カルザイ大統領は「調査は続けられるべきだ」として勝利宣言は見送り、結果の確定が不正調査の完了後となることを支持していますが、一方で、「選挙が公正に行われたと固く信じている。問題があったとしても、世界のどこの国の選挙でも起きている程度のものだ」とし、投票総数の25%に不正が疑われるとしたEU監視団の指摘についても「(そのような発表をする権利は)アフガン国民にあり、外国はその権利を尊重するべきだ」と非難しています。【9月17日 朝日より】

しかし、カルザイ陣営はどうしてこんな大規模な不正を行ったのか?
確かに、復興は一向に進まない、政府は汚職と腐敗にまみれている・・・という状況で、カルザイ大統領の人気は下降しており、選挙戦を通じ対立候補のアブドラ氏の支持が高まってはいました。
そうはいっても、最大部族パシュトゥン人の名門の出で、圧倒的知名度があって、ポストのばらまきなどで北部同盟など軍閥勢力や有力者の協力も取り付けていた現職カルザイ大統領の優勢は動かなかった、少なくとも決選投票で勝てたと見られています。
こうしたことから、今回の不正については、行う必要もなかった“カルザイ陣営の愚かな勇み足”との見方もあります。【9月23日号 Newsweek日本版】

ただ、もし決選投票になるとアメリカはカルザイ大統領を支持しない・・・という話もありましたので、そうした事態にもつれることを避けたかったのでしょうか。
いずれにしても、投票から1カ月近くも混乱が続く一方で、長引く政治空白は、生活復興の遅れや治安の悪化を深刻化させています。

【戦争「支持」が39%】
こうした“民主的選挙の混乱”は、国際社会に“自分達はアフガニスタンで一体何を守ろうとしているのか?”という疑念をいだかせます。
そうでなくとも、最大の支援国アメリカで、アフガニスタンでの戦争に対する「支持」が39%と始めて4割を切る状況にあります。
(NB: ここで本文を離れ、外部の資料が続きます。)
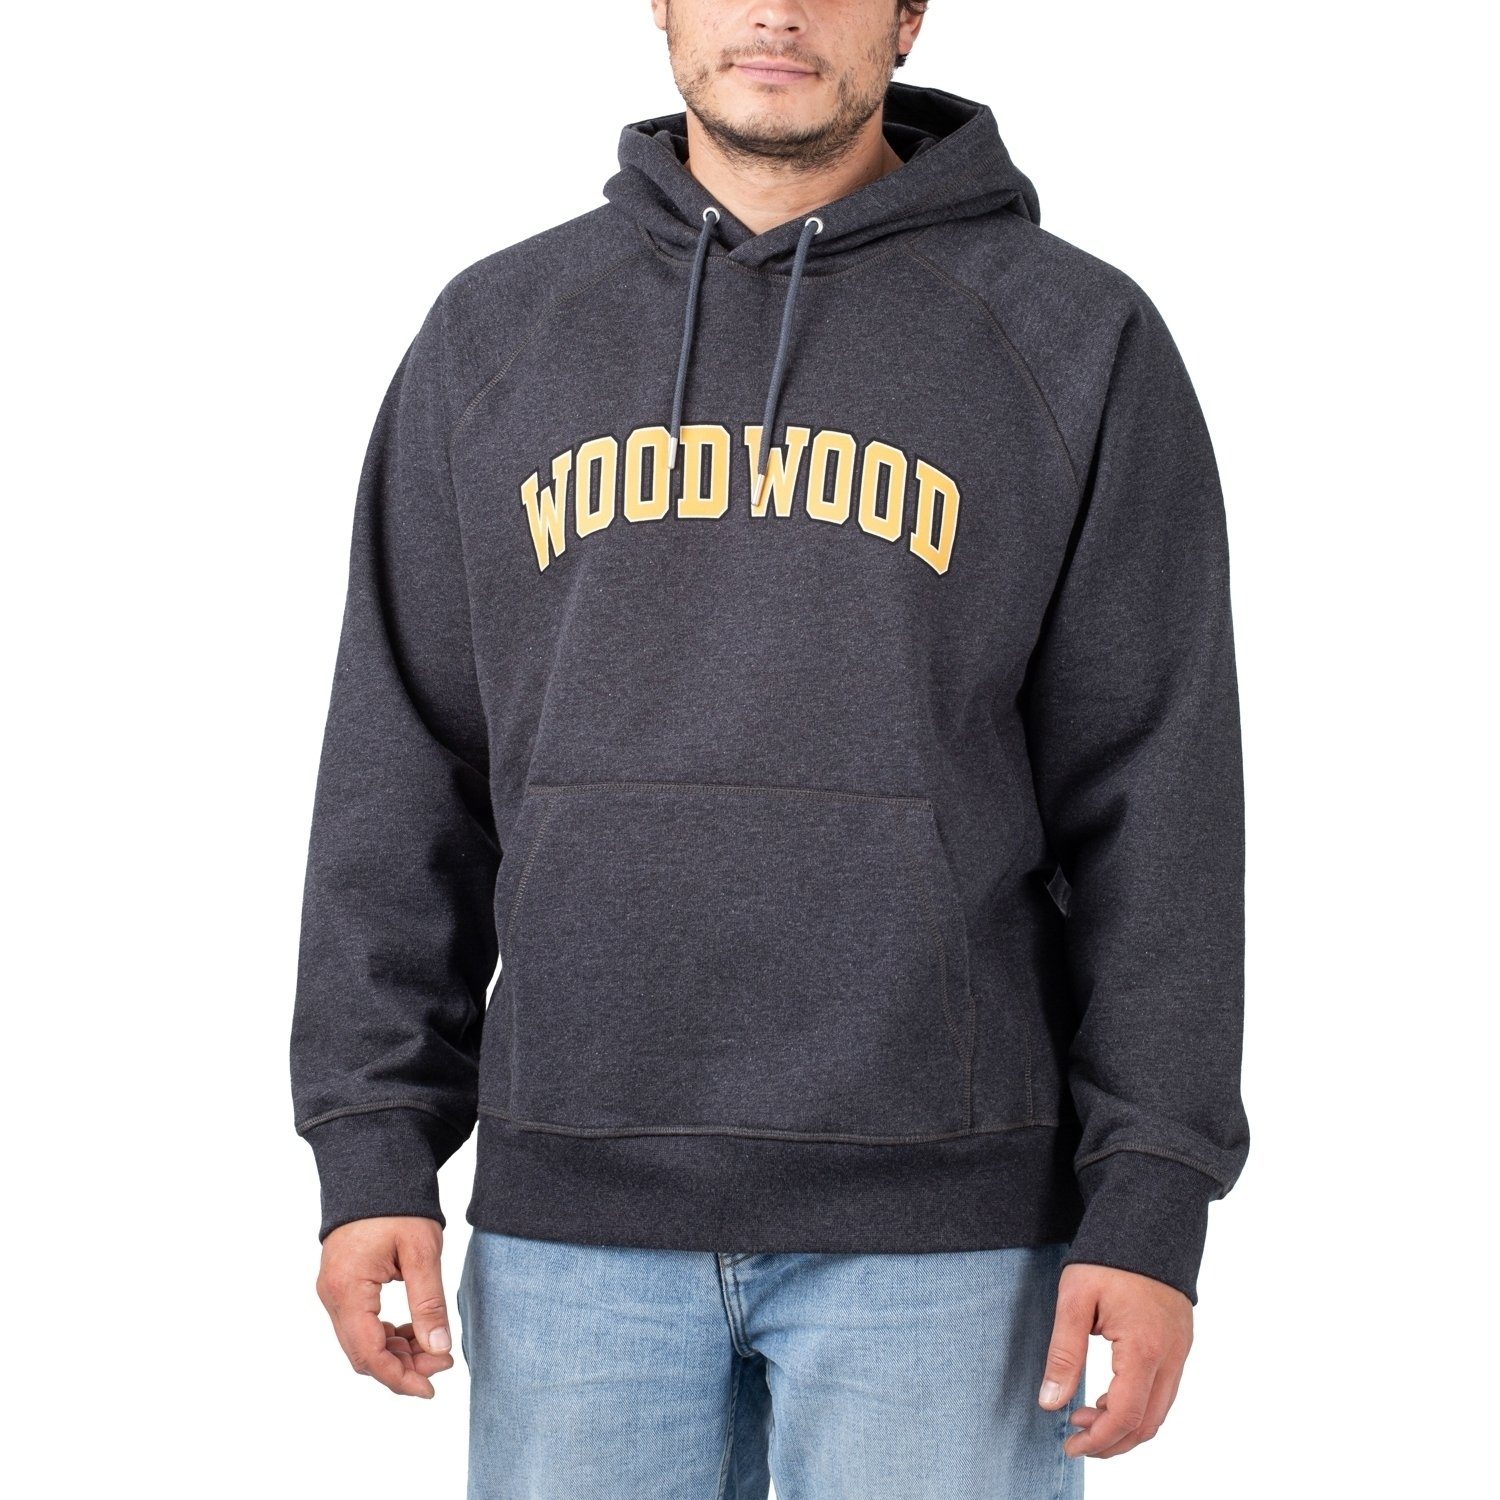 WOOD WOOD Sweater IVY Hoodie Fred Wood Wood

そうした厭戦気分の高まりは、アメリカのアフガニスタン増派をためらわせるところとなっています。
“オバマ米大統領は戦略の見直しについて、アフガン駐留米軍司令官から提示された軍事面での見直しだけでなく、アフガン大統領選後の状況を踏まえ、NATOや同盟国とも協議する必要性を指摘。「明確な将来の戦略がなければ、戦場に若者を送る正しい決断はできない」と語った。”【9月17日 時事】

さりとて、アフガニスタンからの撤退は、90年代のソ連の失敗の二の舞にもなり、国際的には、アフガニスタンだけでなく隣国の核保有国パキスタンでのイスラム原理主義勢力拡大を増長し、その政治的安定性をそこなう危険があるとも考えられています。
進むも地獄、退くも地獄・・・といったところでしょうか。